In Russia as a fifth grader, Makarenko learned about all subjects (about 15-20) including biology, science, chemistry, etc. In Russia, students go to school six days a week. "We actually learned something about life around us," she said.
Makarenko said she liked being able to choose her own subjects in Blooming Prairie. Her favorite subjects were media arts, composition and research.
Eric Vigeland was her teacher at BPHS. "We made TV news," she remembers.
While a Blossom, Kristina played volleyball, starred in a school musical and helped out at the Blooming Prairie Boys and Girls Club.
"I always wanted to be a teacher," she said.
Still hoping to do some teaching and writing, Makarenko says she may have to go to a larger city like Moscow or St. Petersburg.
While a student here, Makarenko wrote some articles for the local newspaper. Her favorite piece she wrote was about Americans not being able to adopt Russian children because of Russian law. The thrust of her piece was to change the law.
She worked at an orphanage in her home country and saw how broken families lead to alcohol and drug abuse.
Makarenko says Blooming Prairie has always been friendly to her. "Blooming Prairie people knew I was coming long before I arrived," she said.
"My country is not as friendly as here," she shared her opinion. She visited the Blooming Prairie Cancer Group auctions Sept. 7-8 and was most impressed with the caring atmosphere.
She says Russian people live in a bubble and don't exchange greetings like Americans do. "In Russia, we don't talk to strangers.
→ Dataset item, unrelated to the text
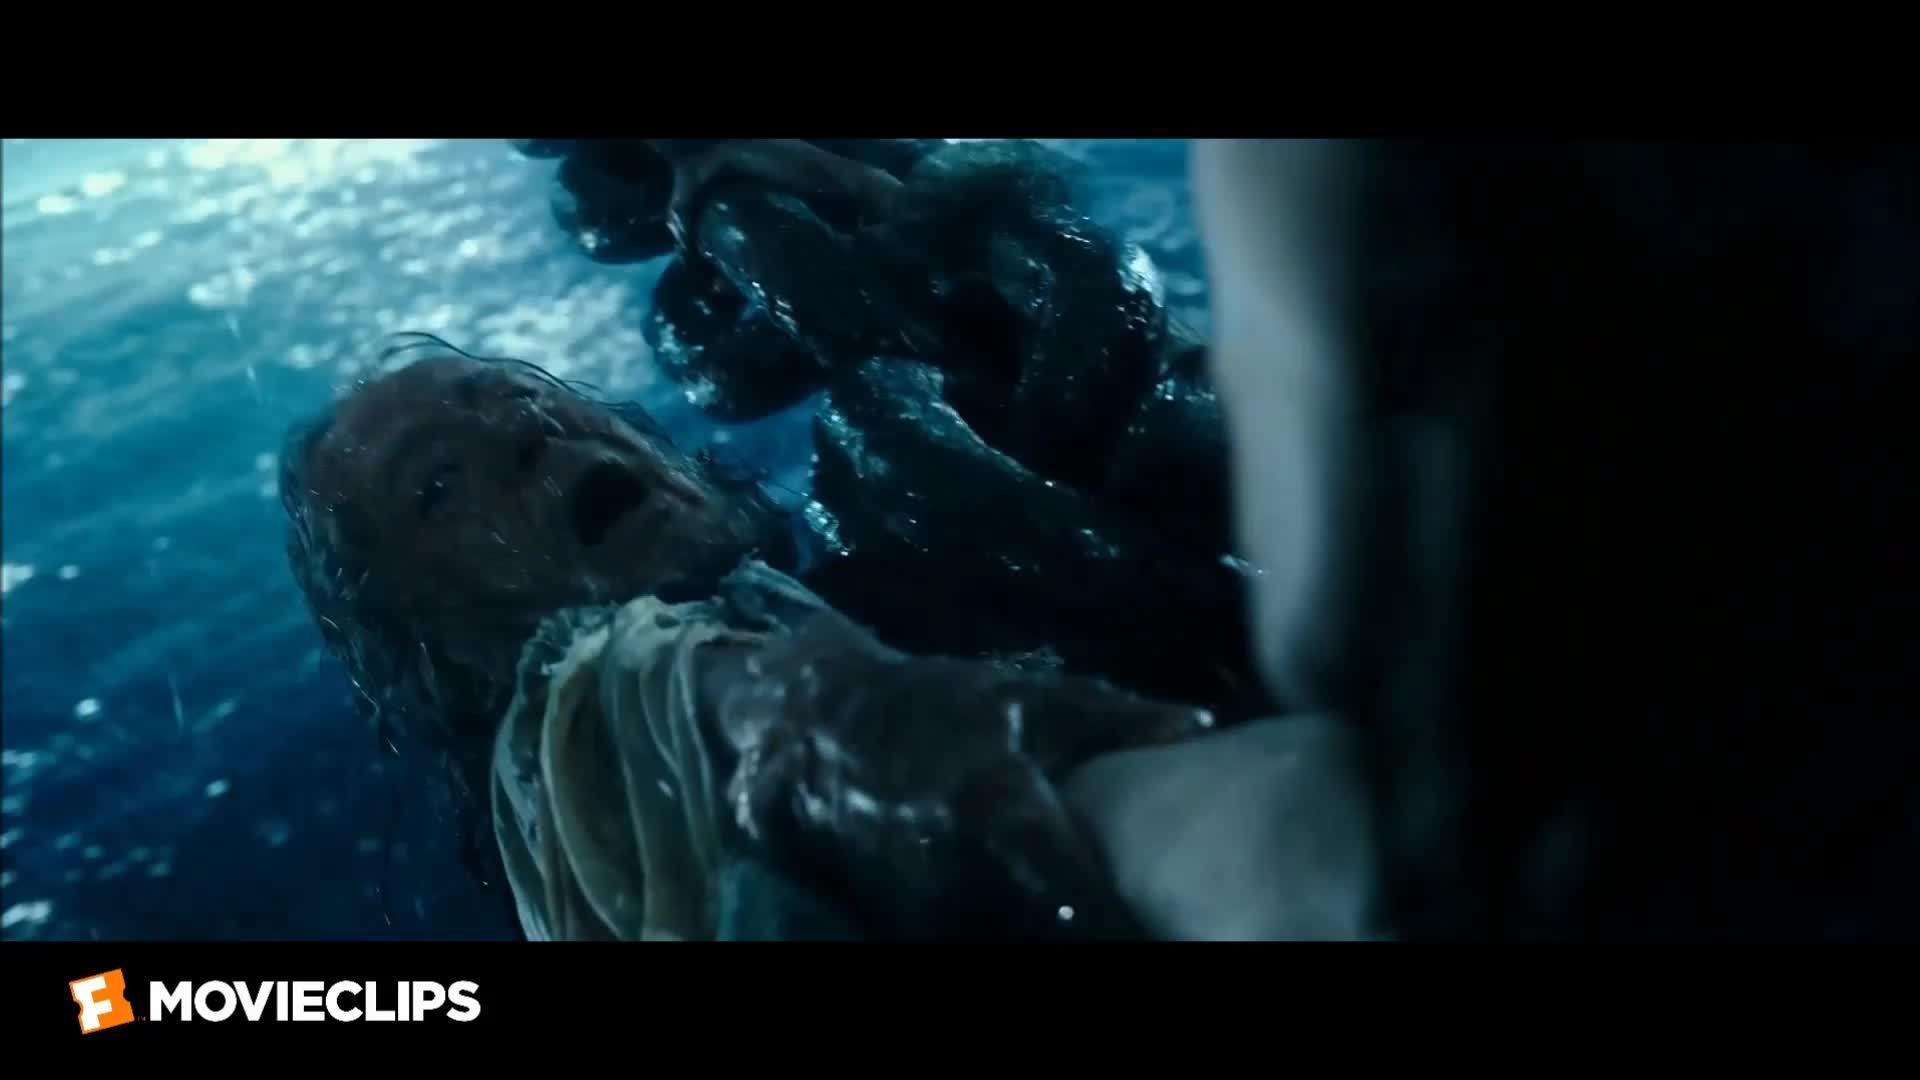 Barbossa chết (Pirates of the Caribbean: Salazar's Revenge)

Here, if people see someone in trouble, they are ready to help."
Makarenko said she was quickly introduced to Minnesota Nice.
During her exchange visit six years ago, Makarenko became a farm girl of sorts. "I spent time with dad (Jim) in the field and even drove a tractor once," she said. "I never had seen a corn field before," she said.
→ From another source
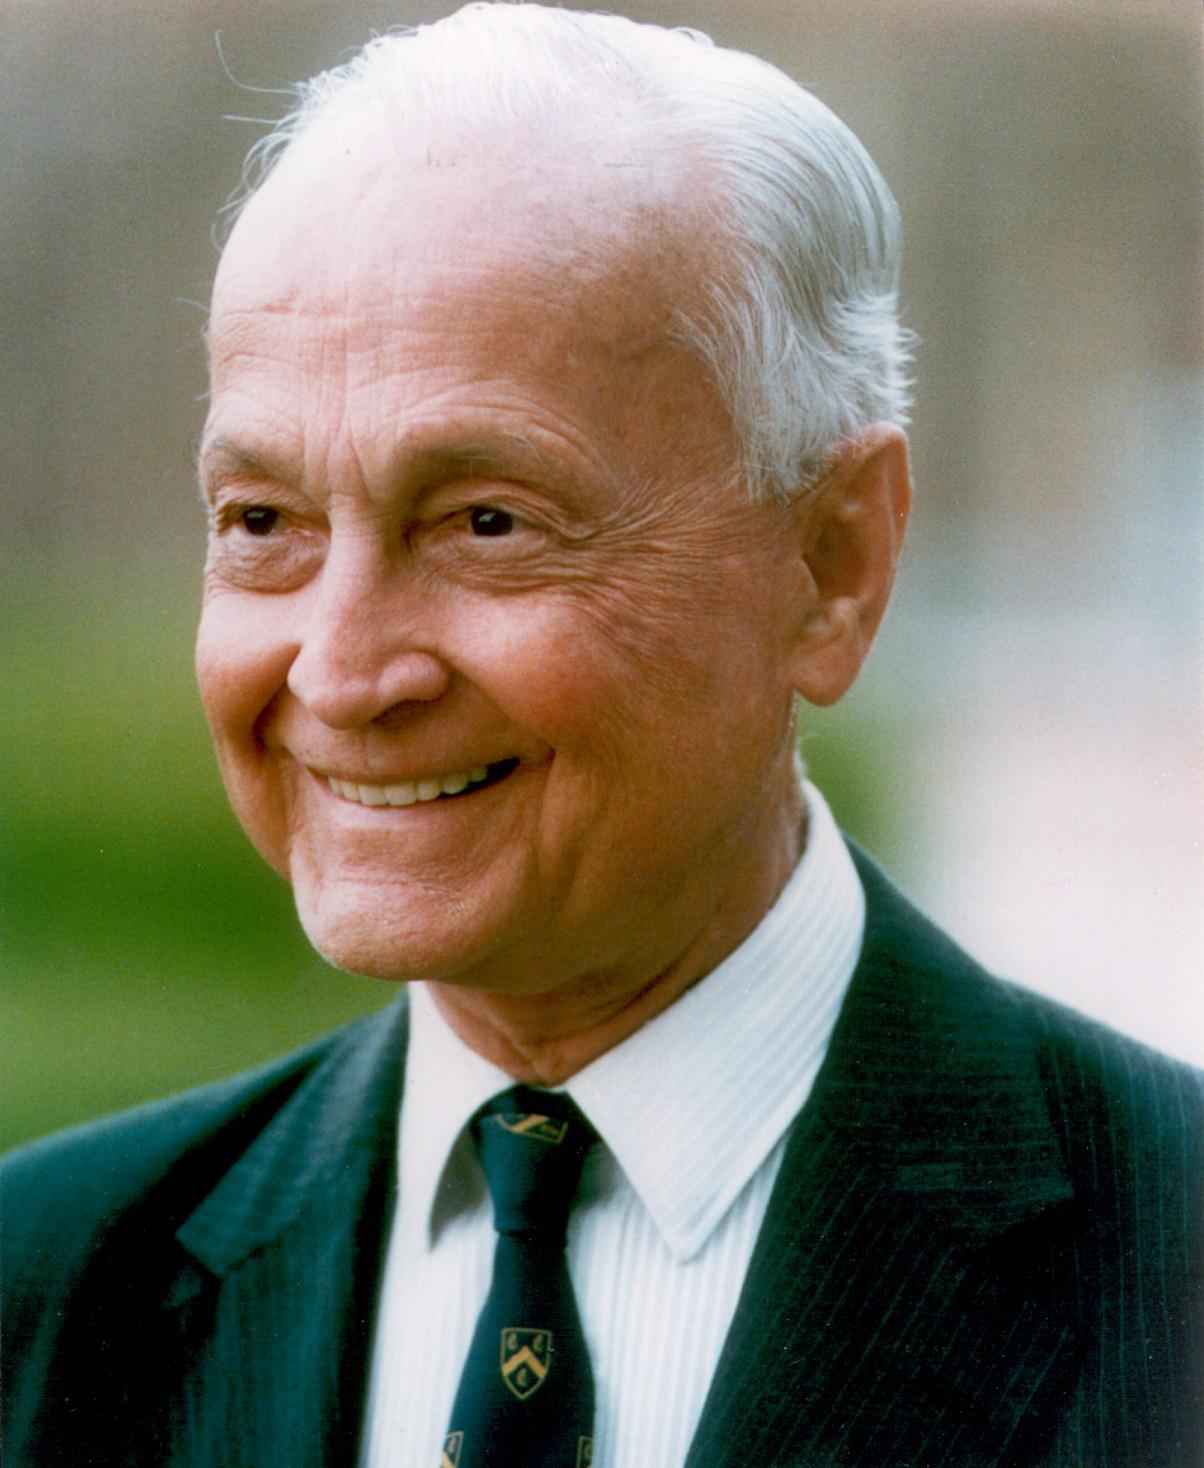 Sir John Templeton (1912 - 2008)

She said she learned quickly that farming is extremely important in Blooming Prairie, but family comes first.
Makarenko has loved her re-visit to Blooming Prairie. She was reacquainted with the O'Connors' family dog, Murphy, a yellow lab. "He was my best friend six years ago," she said.
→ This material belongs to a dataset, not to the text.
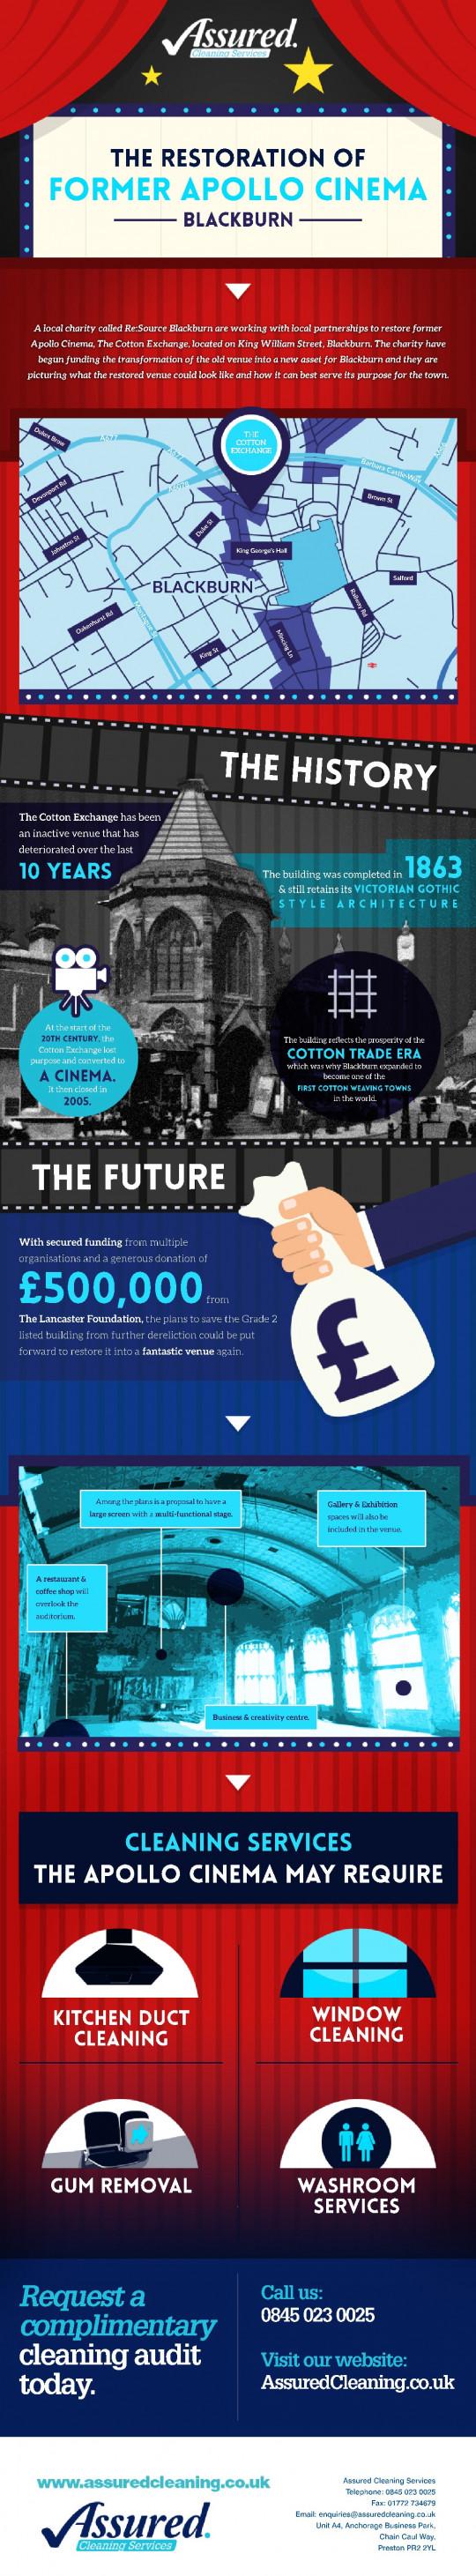 The Restoration of Former Apollo Cinema Blackburn

Murphy passed away while Makarenko was at the O'Connors' farm.
She has two dogs in Russia, one with her mother and the other, Jane, staying with Makarenko and her boyfriend in their apartment.
Often asked about world politics, Makarenko said she "is not really into it" but does follow some of the bantering. "Dad (Jim) says I hacked the election," Makarenko chuckles.
She looks at the power struggle between Trump and Putin as being childish. "It's like one kid getting a toy taken away by another kid," she observes.
News is controlled by the Russian government, Makarenko believes. She gave an example of a huge fire at a movie theater where 64 people died. She said official news reports did not come out until long after. Rumors thus permeated the Internet and thus turned into fake news.
Makarenko hopes to return to America but says her country does not want their people coming to America. Obtaining a Visa is becoming more difficult, she says. Five Visa centers were available months ago and now only one is open.
Older people are against the United States, carrying Cold War attitudes from years past, she says. Many Russian people don't believe there are nice people in America, Makarenko continues to explain.
Russia's currency value is worsening rapidly, Makarenko informs.
"It's a totally different experience in America," she says. "I loved school here in Blooming Prairie and love the cultural traditions here like toilet paper night (papering yards during Homecoming)."
The only thing Makarenko said she has missed while being in Blooming prairie is the Fourth of July celebration in BP. She hopes to return for that some day.
"It's so quiet and nice here. I feel so relaxed. I also love the energy shown by the people here. Everyone cares about you,” she said. "I'm so lucky."